Michael durchsiebte sämtliche Papierschnitzel, Bilder, Erinnerungsstücke. Sein Vater hatte sein Leben besser protokolliert als er selbst.
Schließlich sammelte er alles zusammen und legte es ordentlich zurück in die Schubladen. Er warf einen letzten Blick in den Raum, der bis ins Kleinste organisiert war, genau wie Stephens äußeres Erscheinungsbild. Waffen in Waffenschränken, die jeweilige Munition in Kistchen, die unter der dazugehörigen Waffe gestapelt waren. Zigarren, mit Etiketten gekennzeichnet und nach Datum sortiert, und neben dem Telefon eine mit der Schreibmaschine getippte Liste mit Notrufnummern.
Ein Motiv jedoch glänzte auffallend durch Abwesenheit.

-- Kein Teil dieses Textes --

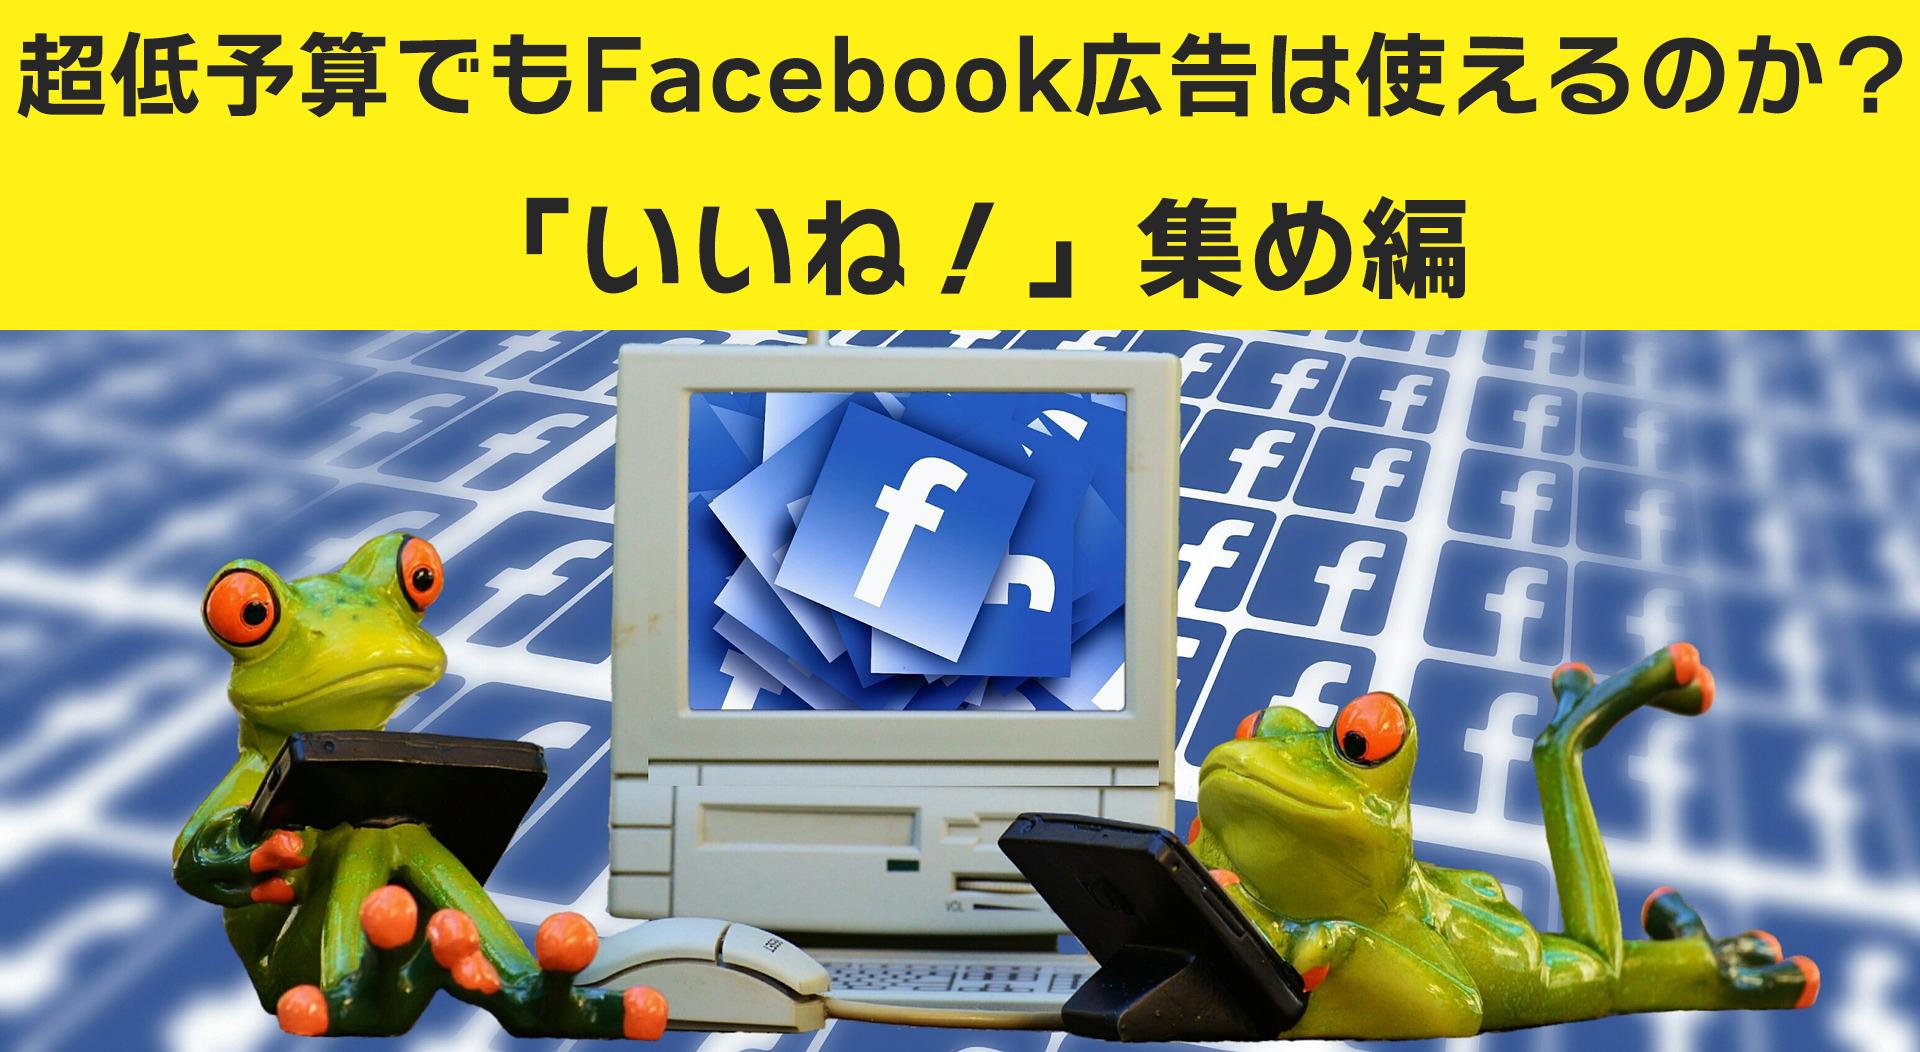 Facebook広告費1万円で何いいね買えるか検証した予想外の結果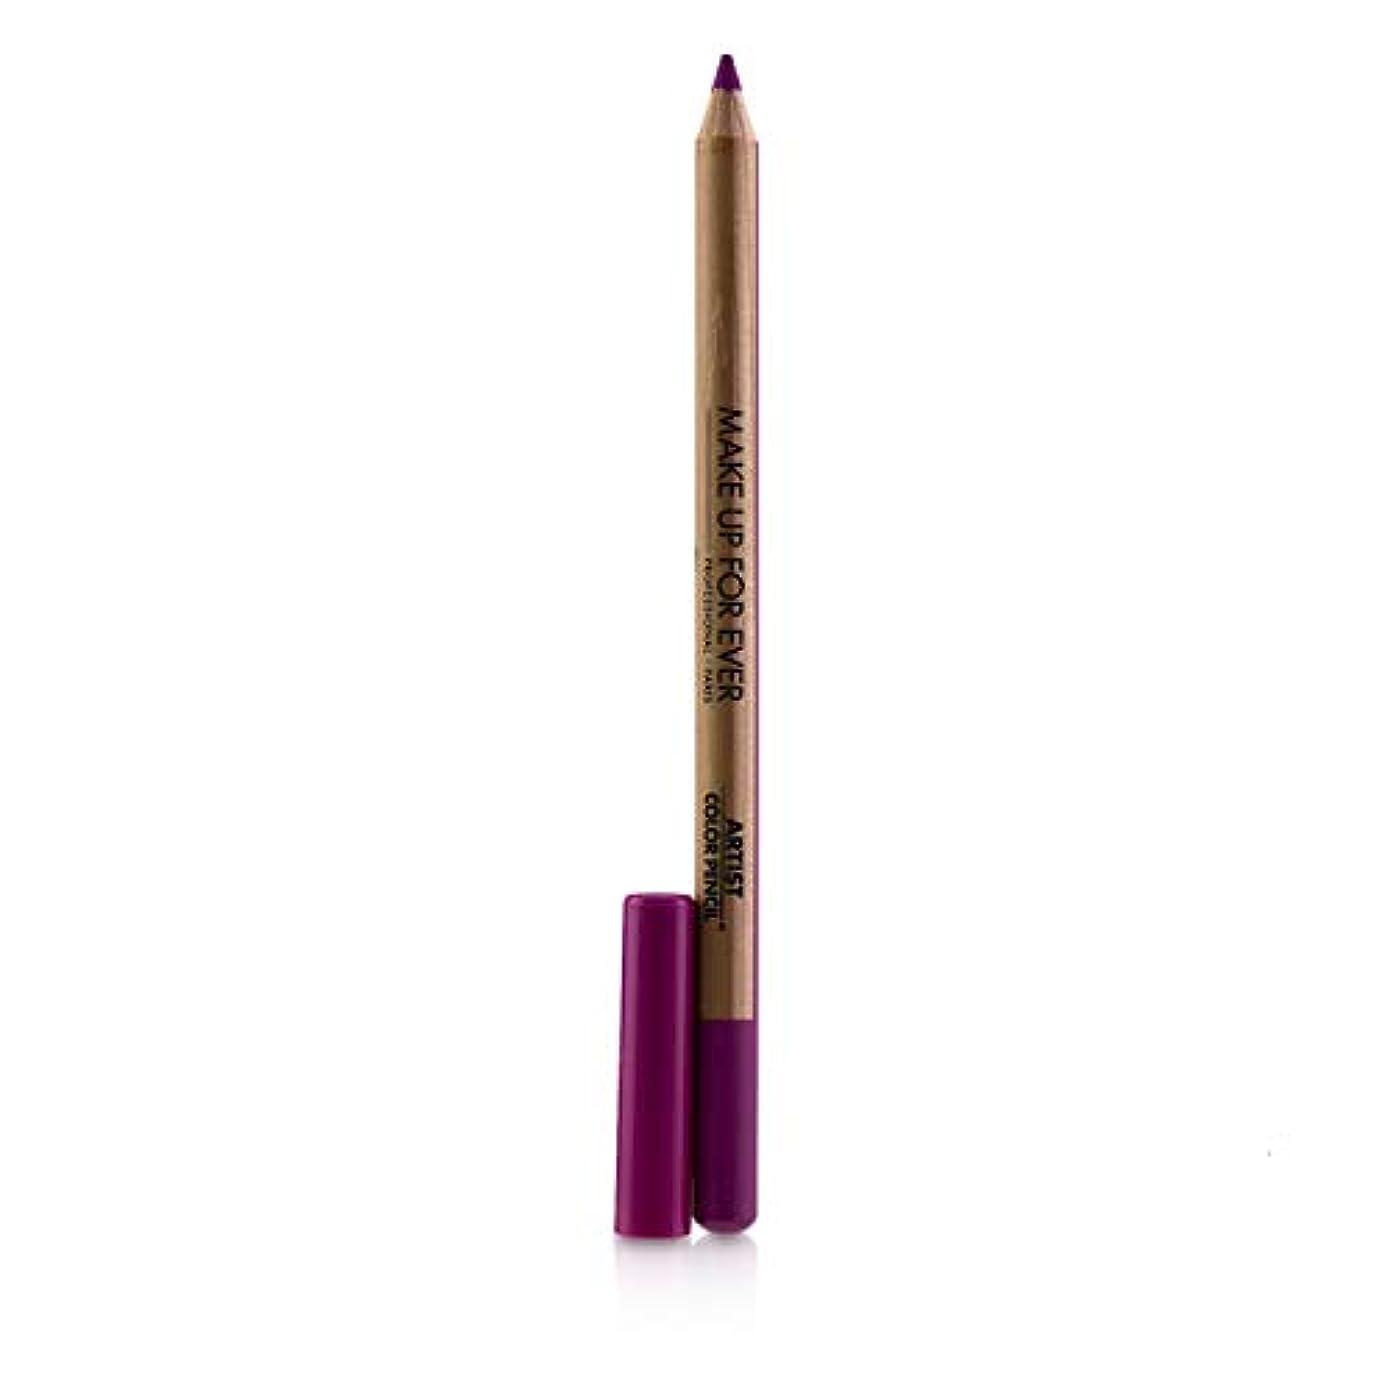 プレミアム存在する頑張るメイクアップフォーエバー Artist Color Pencil - # 812 Multi Pink 1.41g/0.04oz並行輸入品

Es war das einzige Foto, nach dem er sich jemals verzehrt hatte.
Es gab kein Bild von seiner Mutter.
»O Mann«, sagte eine Stimme.
Michael drehte sich um und sah Busch im Türrahmen stehen, der auf die Bilder an der Wand schaute, dieses Denkmal, das Michael zu Ehren errichtet worden war.
Busch blickte seinen Freund an und fand keine Worte. Er kannte derartige Ausstellungen von früher: Sie fanden sich häufig in den Wohnungen und Häusern von Kriminellen, die auf diese Weise ihre Besessenheit mit ihren Opfern zur Schau stellten. Aber das hier war etwas anderes. Busch hatte nicht den geringsten Zweifel, was es war: Das hier war eine Wand des Bedauerns, die zeigte, was hätte sein können. Ein Fenster in die Gefühlswelt von Stephen Kelley.
»Ich glaube nicht, dass er dich jemals weggegeben hat«, sagte Busch leise.
Michael knipste das Licht aus und verließ den Panikraum.
»Wir fliegen nach Russland«, sagte Busch widerwillig. »Richtig?«
Michael und Busch gingen durchs Schlafzimmer und stiegen die Treppen hinunter.